I remember going into Patch’s Market with a grocery list from Dad. “Half a pound of cheese, sir,” I intoned to Mr. Patch. “White or yellow?” he answered, even as a large wheel of Vermont cheddar sat atop the meat case under a glass cloche.
On the first Sunday of each month after ten o’clock Mass at Holy Family Church in Morrisville, we’d gather around Grammie’s dining room table for Sunday dinner. It was an enduring ritual until one Sunday, sporting a blue-black bruise around her left eye, Grammie announced she could no longer live alone and charged Claire with finding her a retirement home.
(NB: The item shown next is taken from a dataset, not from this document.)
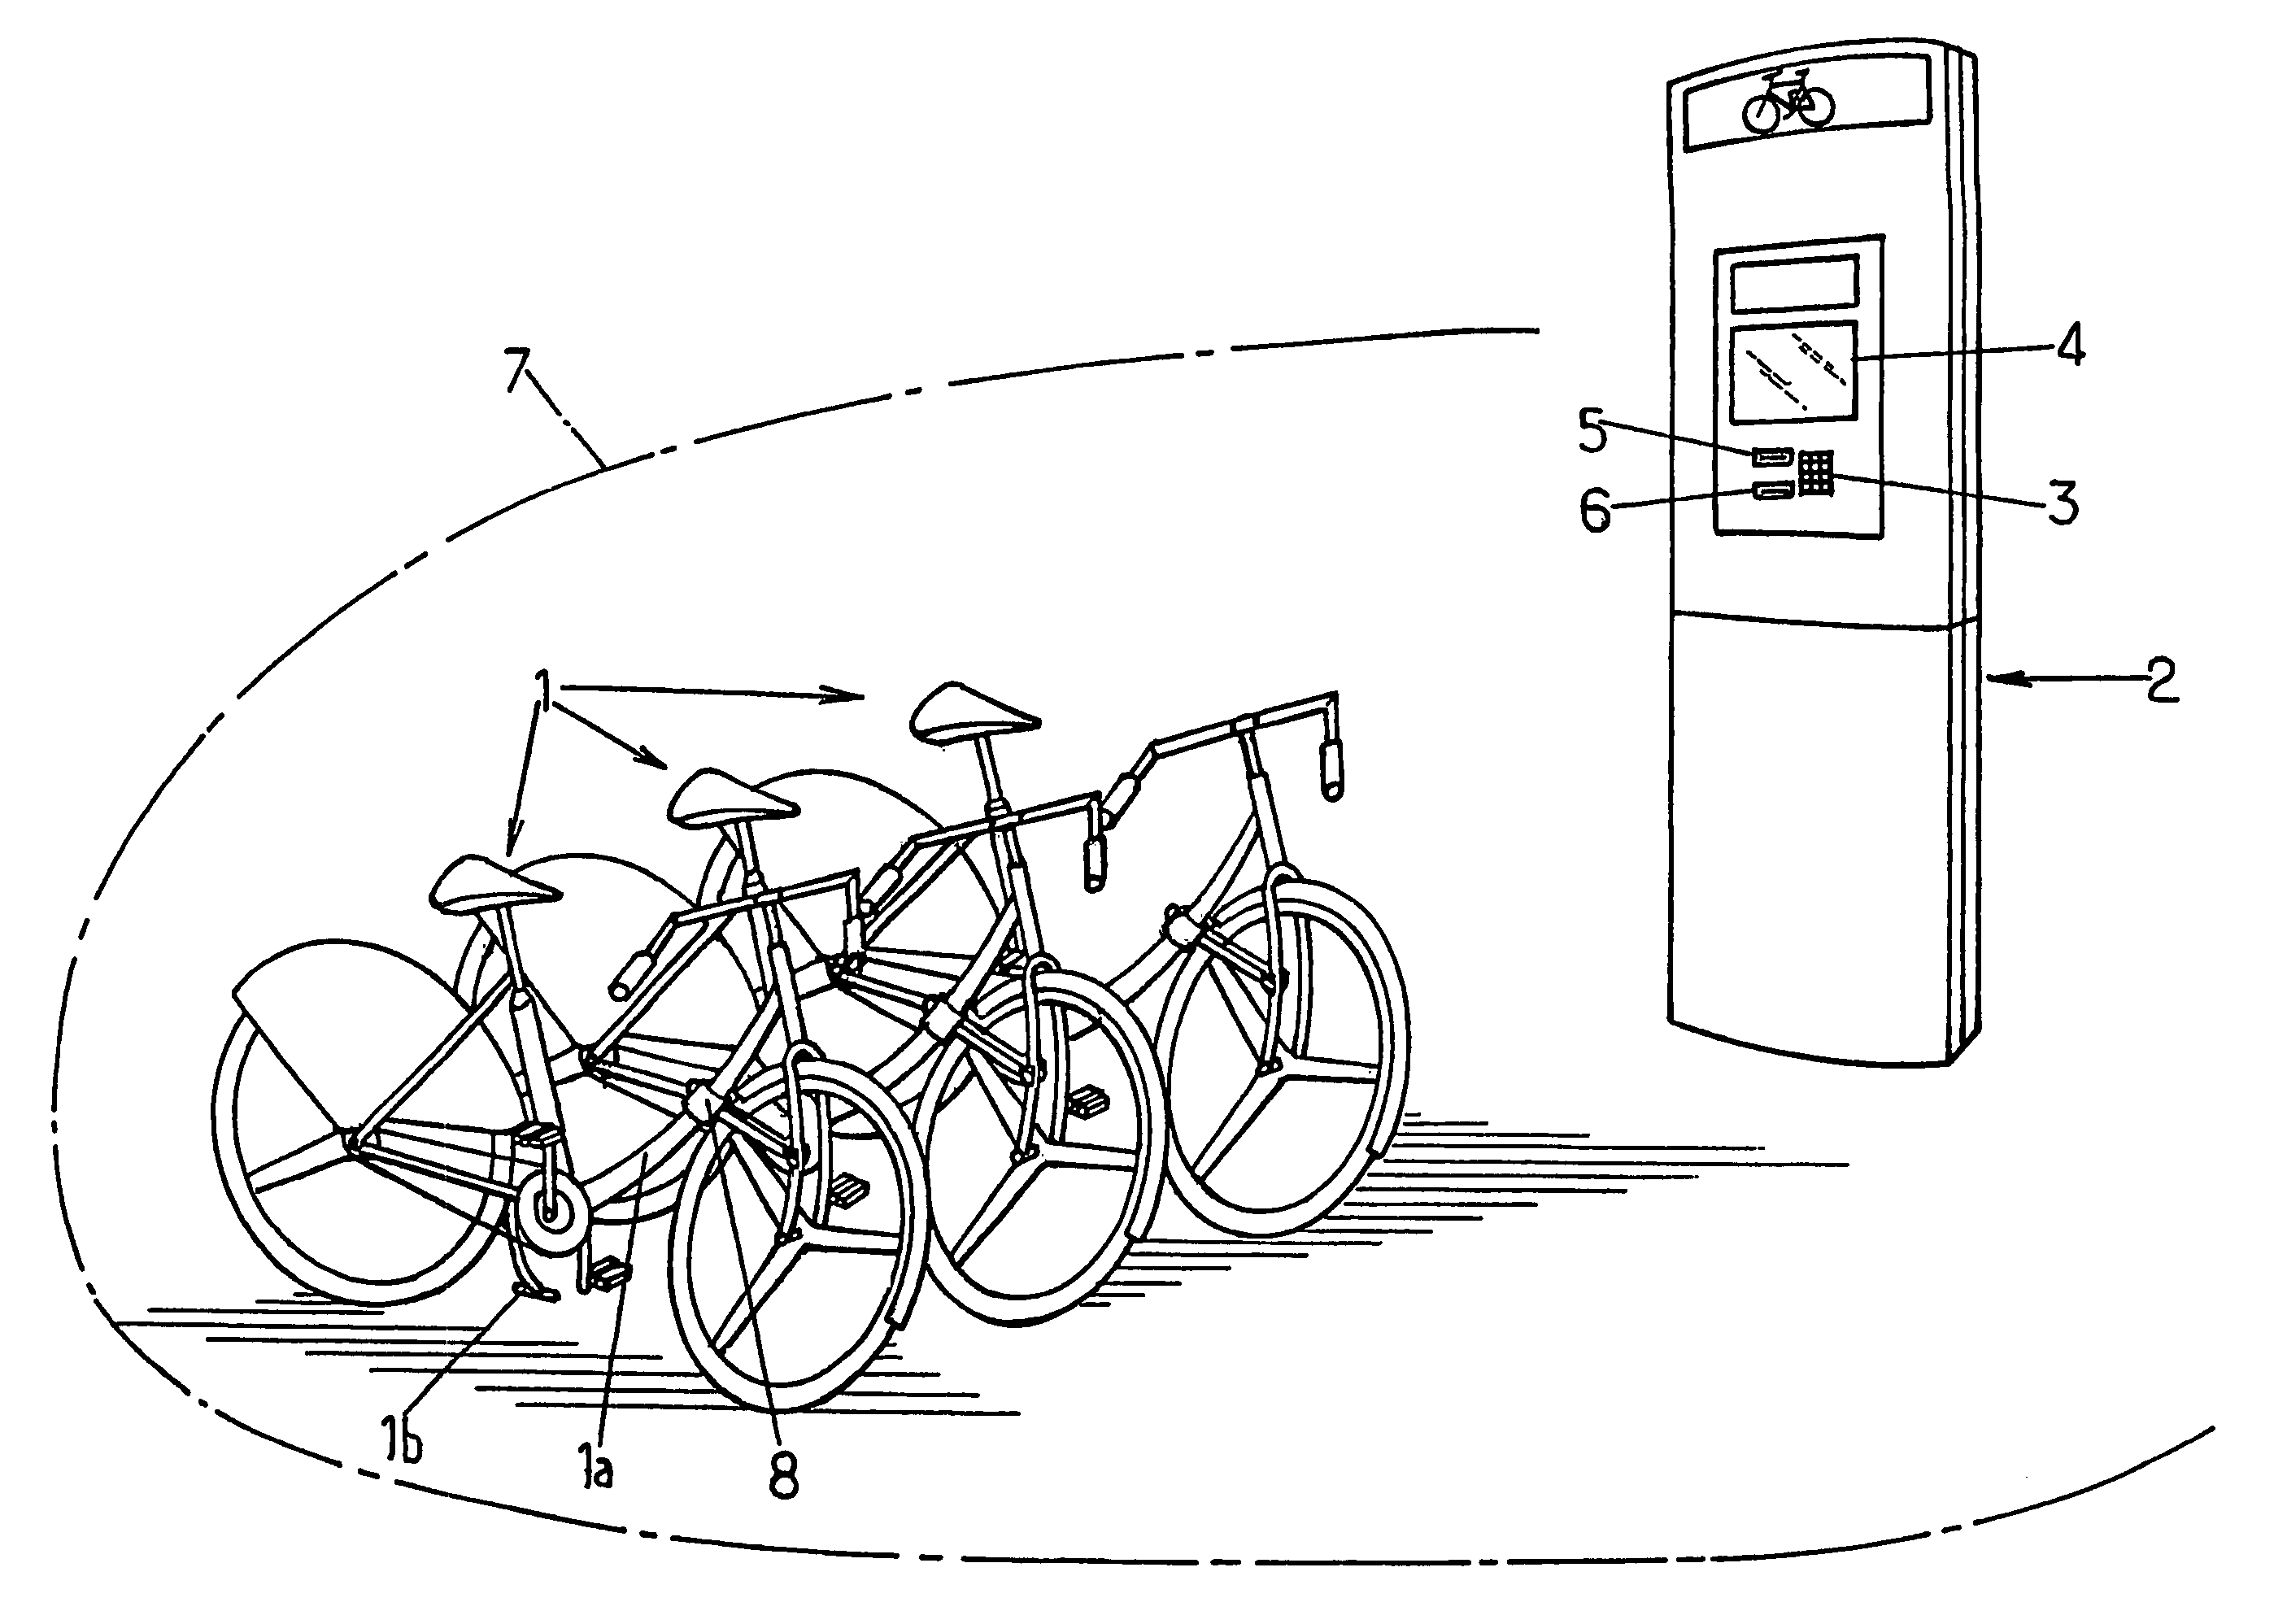 Automatic cycle storage system

For a decade leading up to her moving out of her apartment, we’d parade into her house dressed in our church finery and encounter the smell of her signature pork roast sizzling in her new electric oven. Her large farm table displayed her best porcelain China and starched linen. The protocols of serving and consuming Sunday dinner matched those that my brother and I, both altar boys, were familiar with serving mass, all very formal.
Dad would process in bearing the large ironstone platter of charred pork and mint jelly. Grammie had grown up with a fear of trichinosis, so pork was routinely charred to ensure the elimination of any parasites. Grammie would bring in a smaller platter of roast potatoes and one of us kids would bring the bowl of canned green beans and another the saucer of bread and the butter dish.
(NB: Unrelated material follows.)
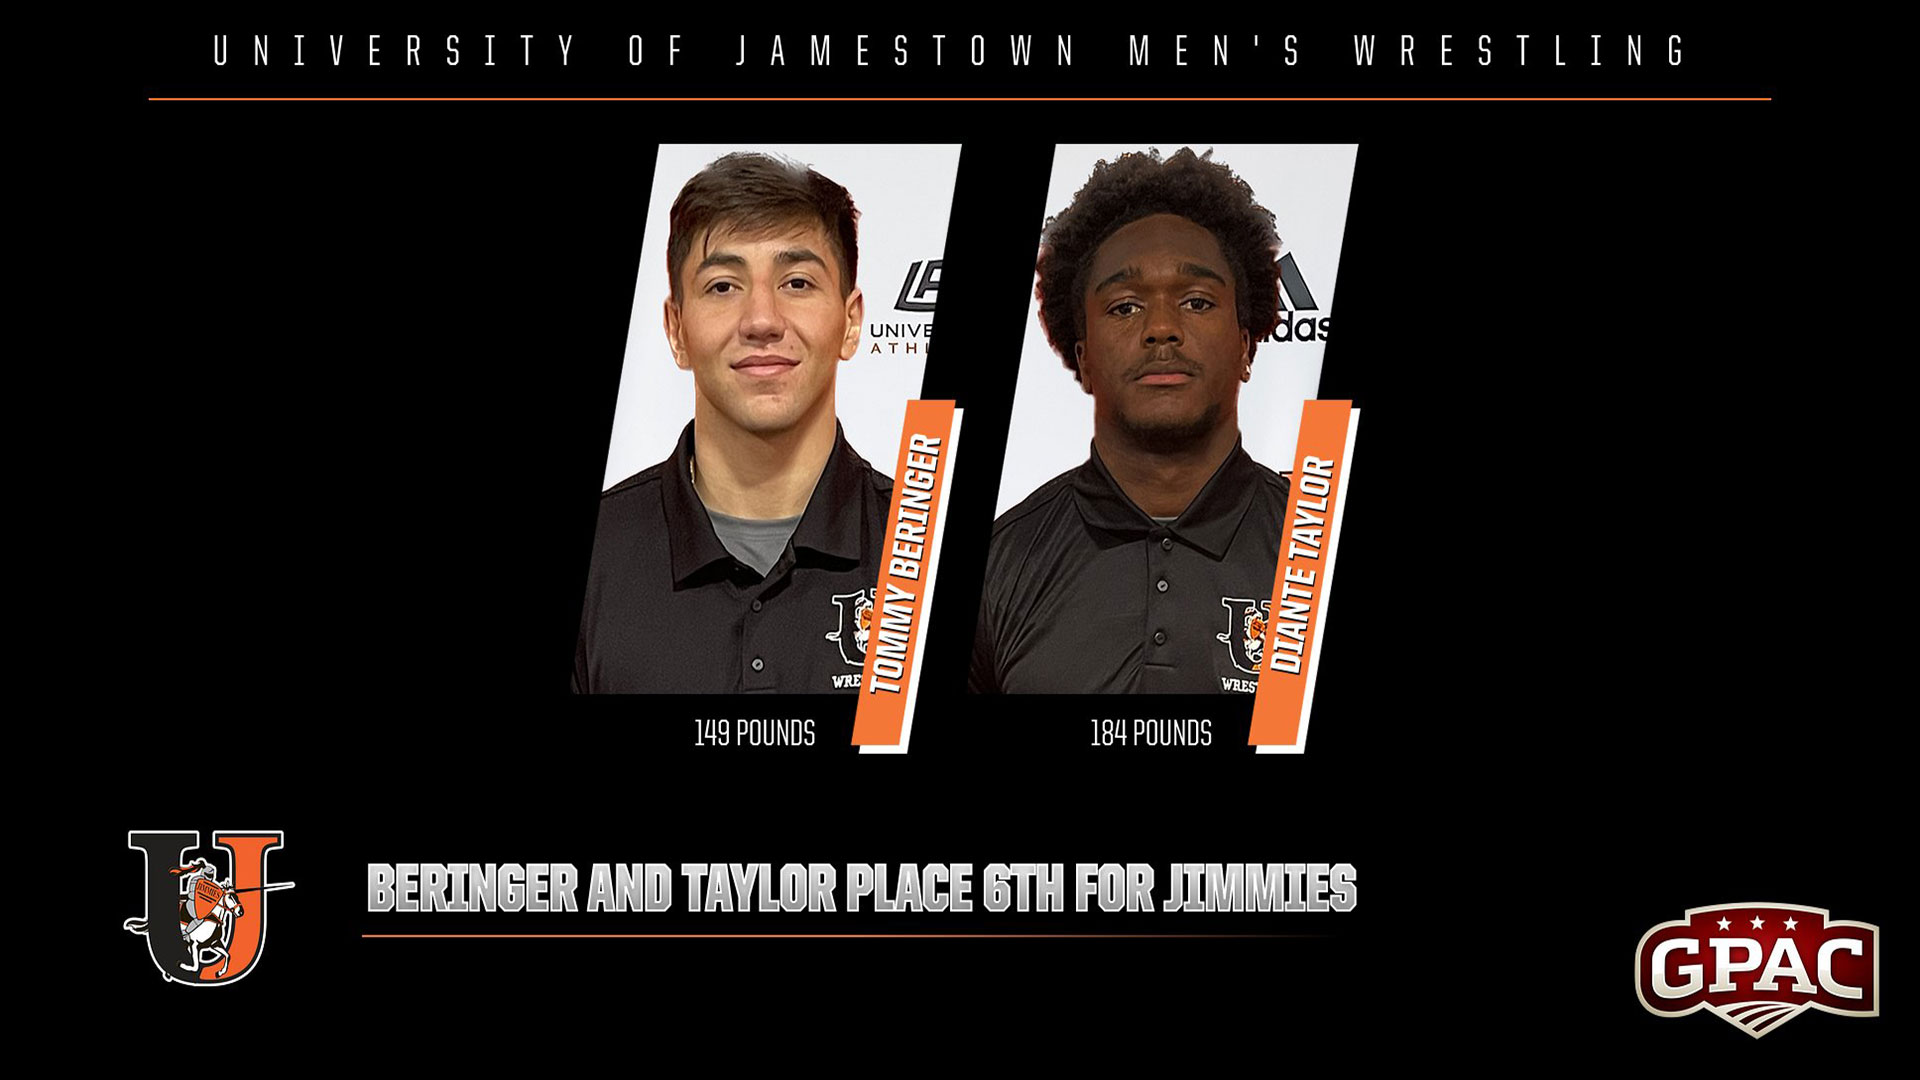 Beringer and Taylor finish 6th for Jimmies at GPAC Championships

Dad would slice the pork and Grammie would serve the potatoes and beans, passing to each of us a full plate. If Mom was sentient, she would be at the dinner table with us.
Still a toddler, Claire would sneak a small slab of butter and slip it in her mouth like fudge.
This Sunday dinner tradition continued for almost two decades.
One year, when Mike and I were in our teens, Mike asked Grammie if she ever made green salad.
“No,” she answered abruptly. “I ’ave a ’iatal ’ernia and dem leaves gets caught in my t’roat.” That ended the salad conversation we thought.
The following month, the family trouped in for Sunday dinner expecting the regular menu. But then to our surprise, Grammie returned to the kitchen and came out bearing a dinner plate featuring a quivering dome of green Jell-O in which were suspended canned mandarin orange sections, miniature marshmallows, walnuts, and multi-colored M and M’s.
“You like da green salad, so I made one. Eat it up!”
We all just stared at the green quivering mass.